### THE DATA
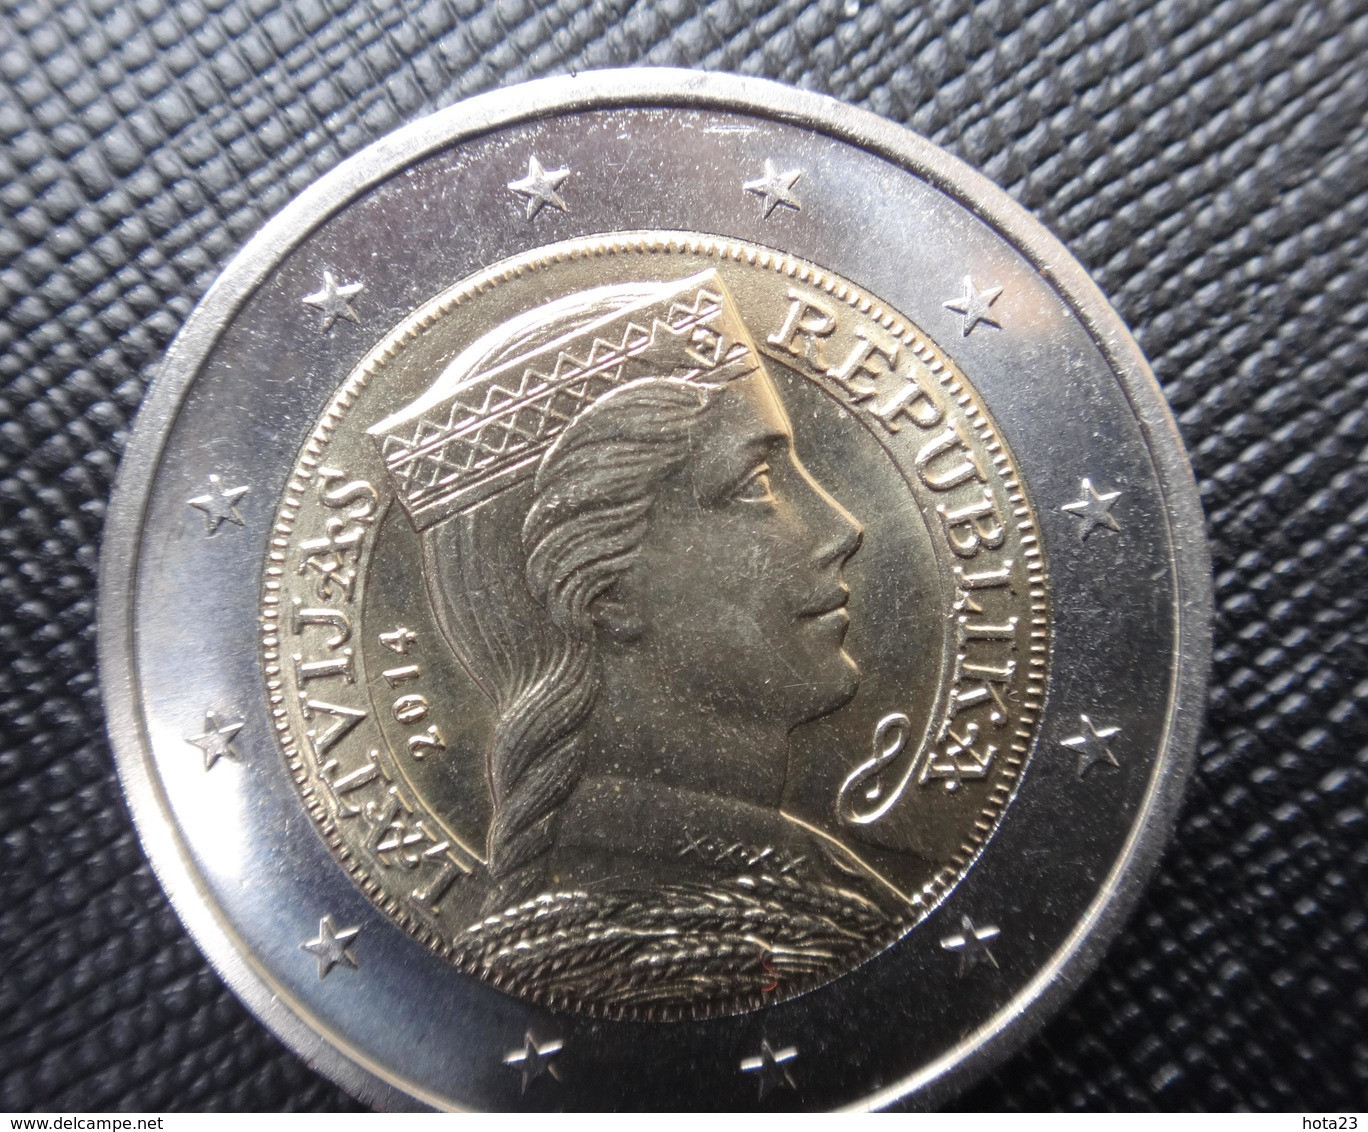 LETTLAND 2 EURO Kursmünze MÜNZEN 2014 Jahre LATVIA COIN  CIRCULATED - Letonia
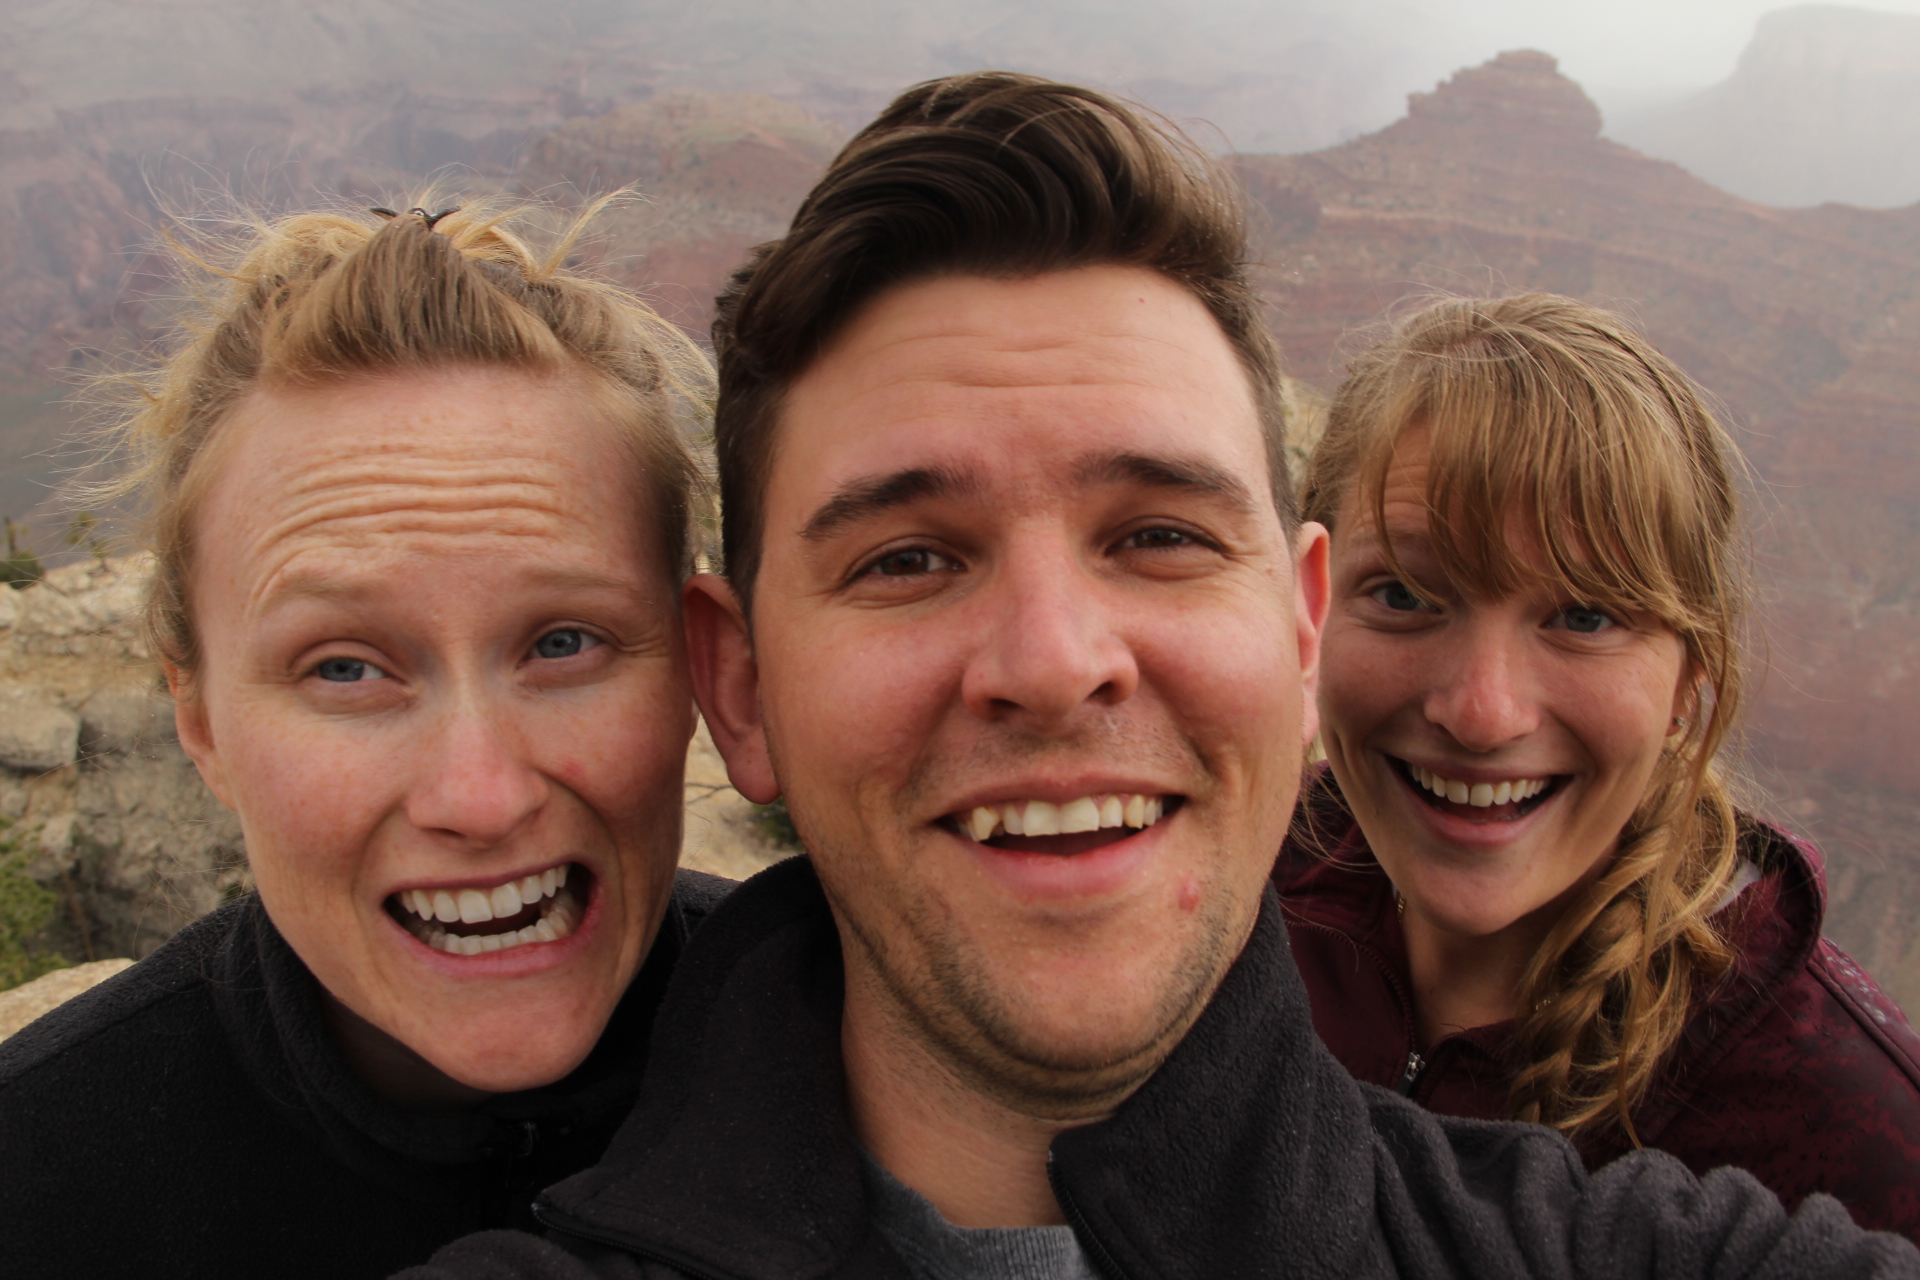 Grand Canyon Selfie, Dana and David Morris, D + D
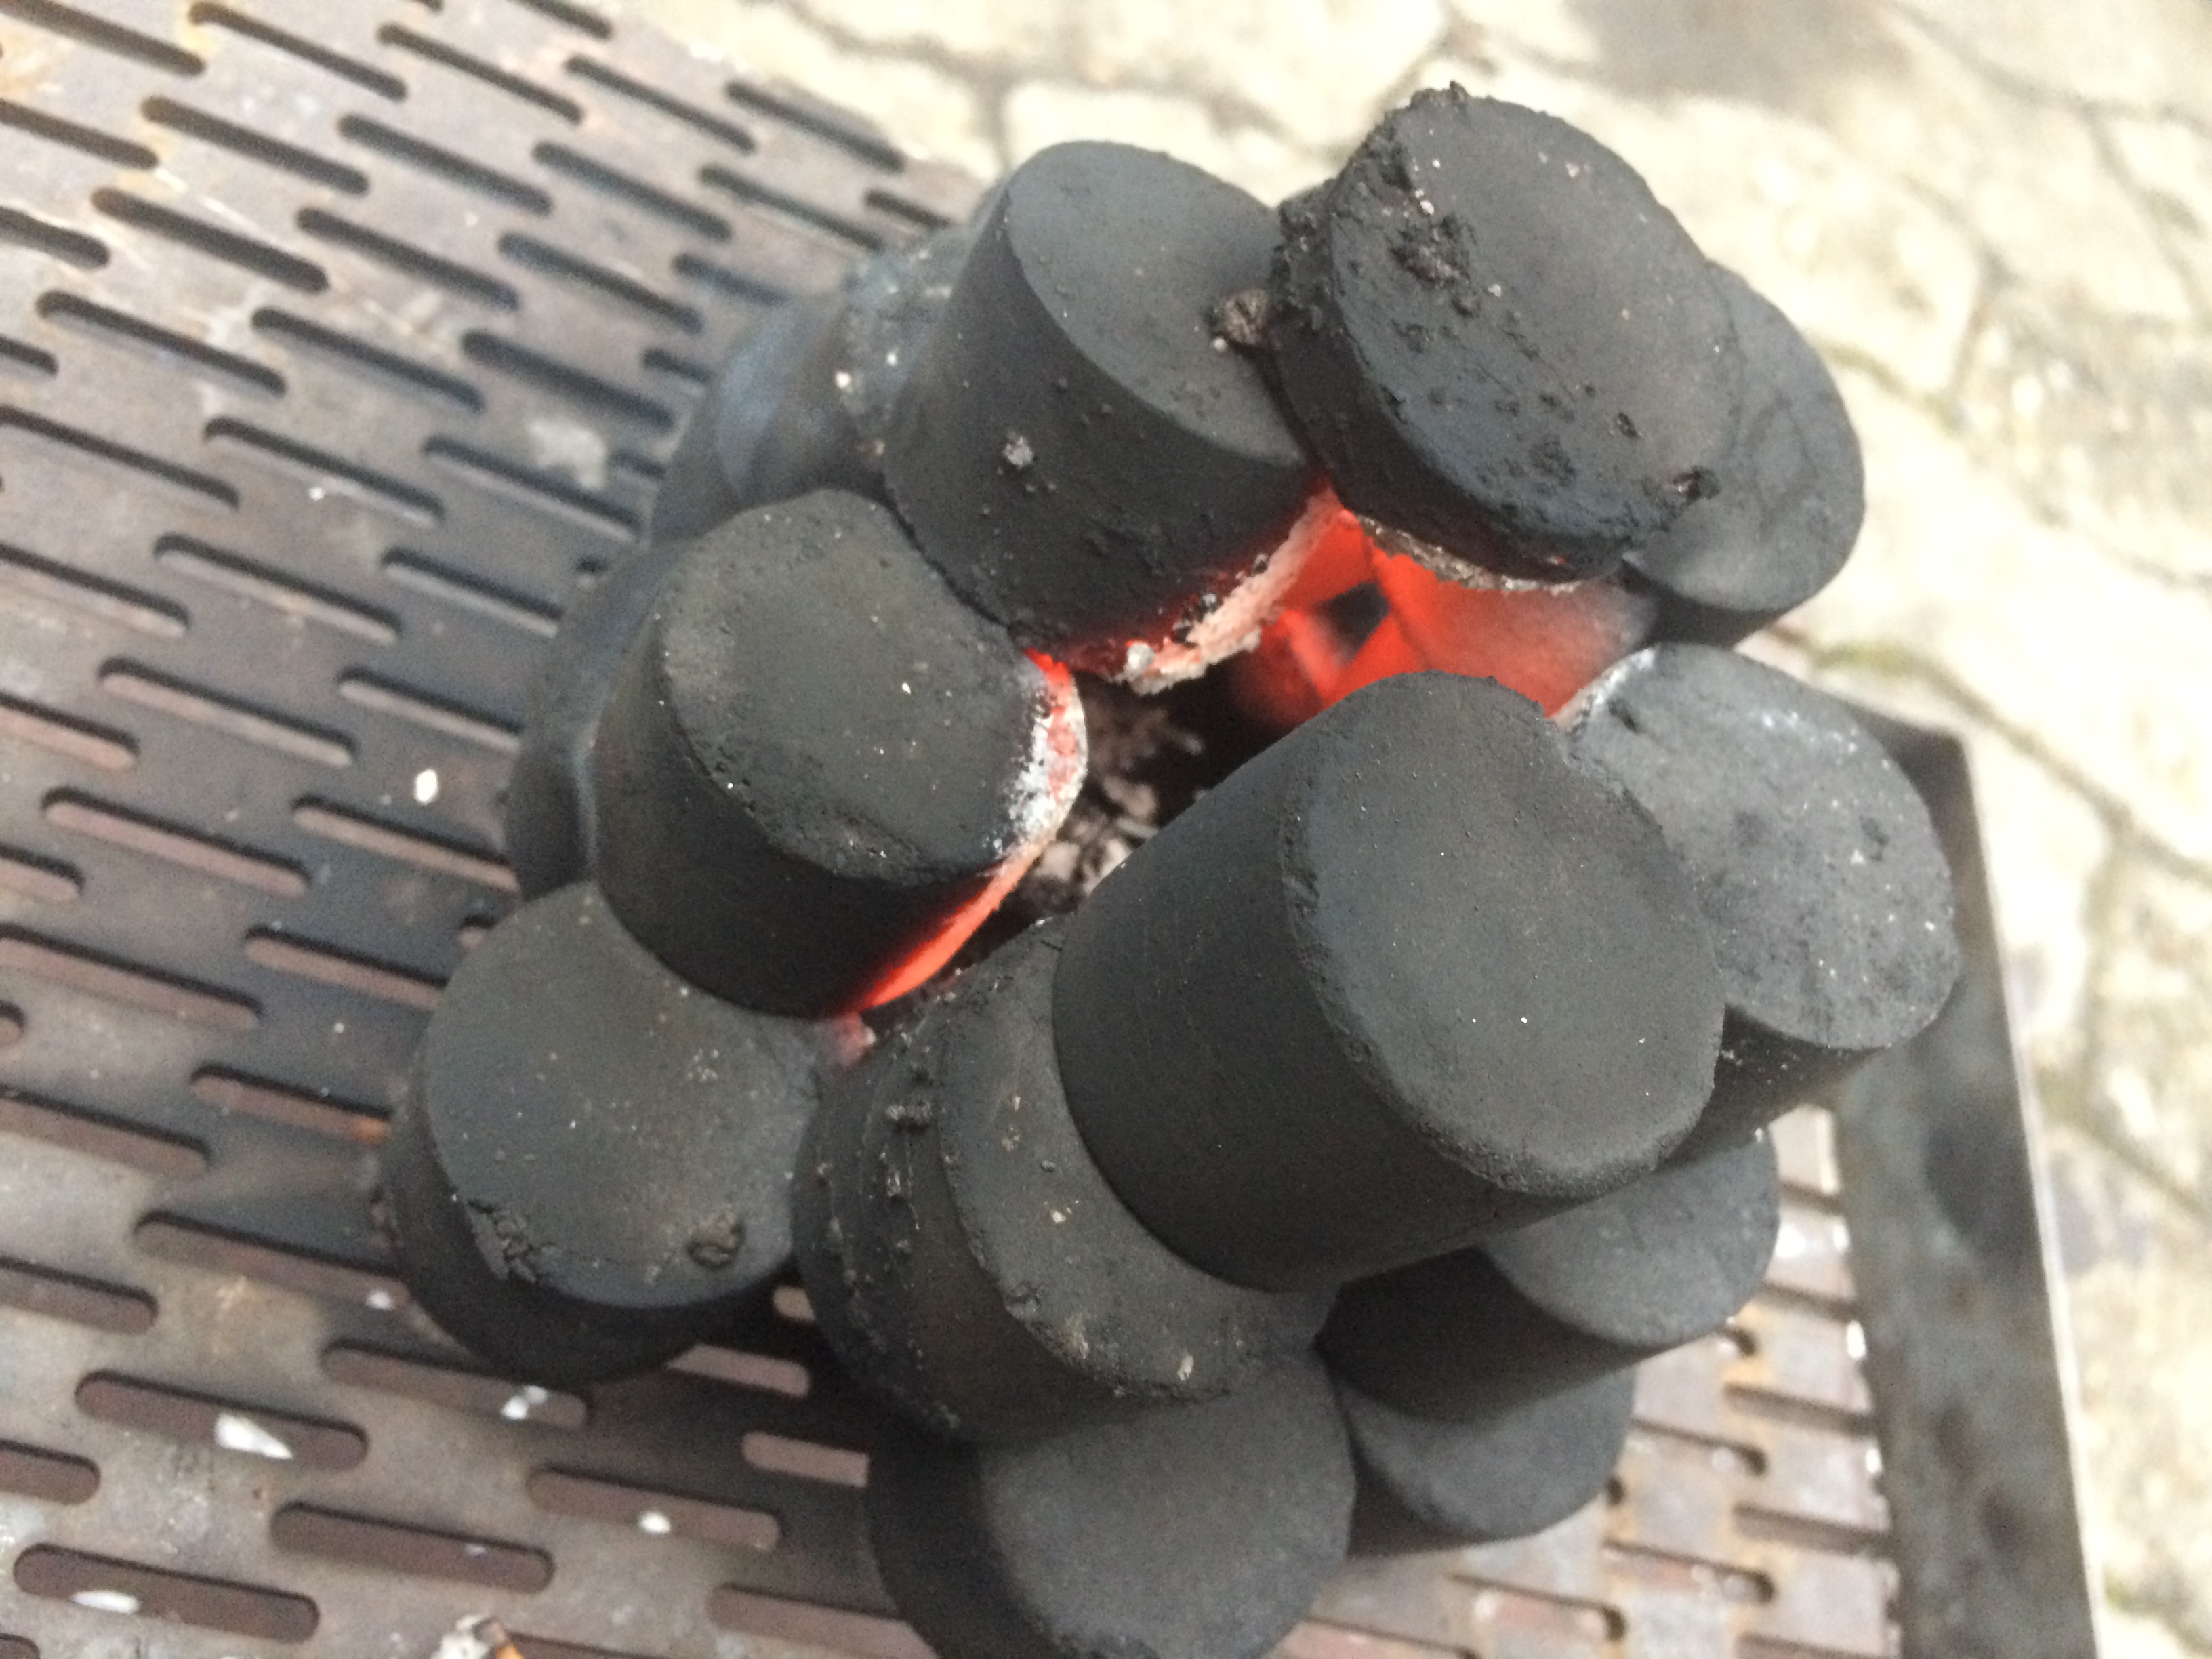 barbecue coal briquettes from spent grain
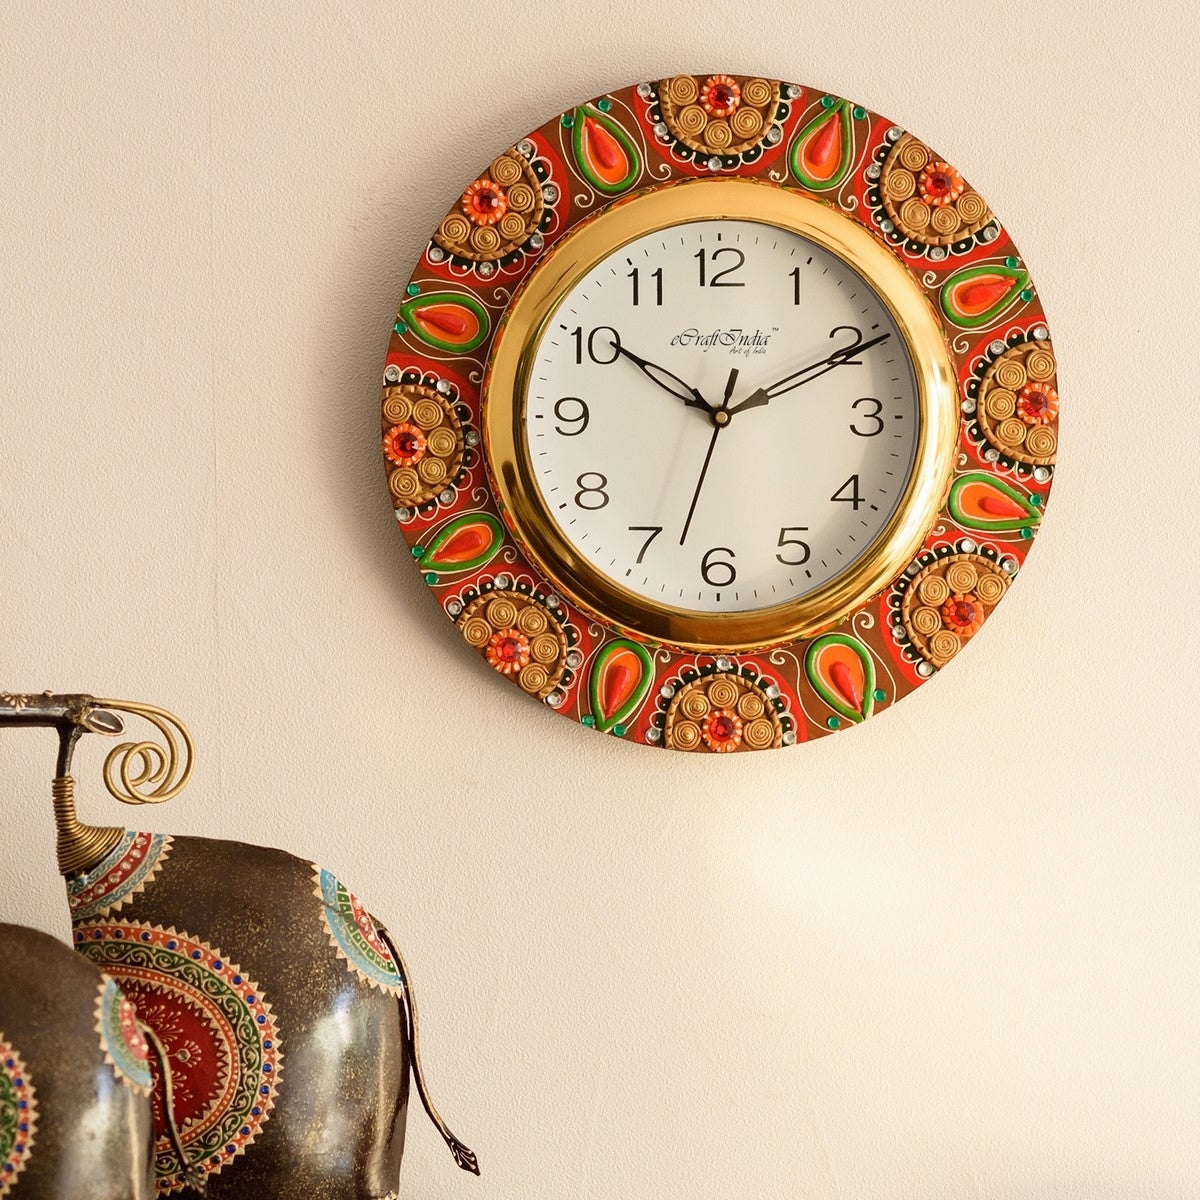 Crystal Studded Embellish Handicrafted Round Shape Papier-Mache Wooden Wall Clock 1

### ASSIGNMENT
The needed output is the lines from the one with "Grand Canyon Selfie, Dana" through the end of the listing, written out exactly, both ends included, pictures excluded.

### RESULT FOR THIS TASK
 Grand Canyon Selfie, Dana and David Morris, D + D
 barbecue coal briquettes from spent grain
 Crystal Studded Embellish Handicrafted Round Shape Papier-Mache Wooden Wall Clock 1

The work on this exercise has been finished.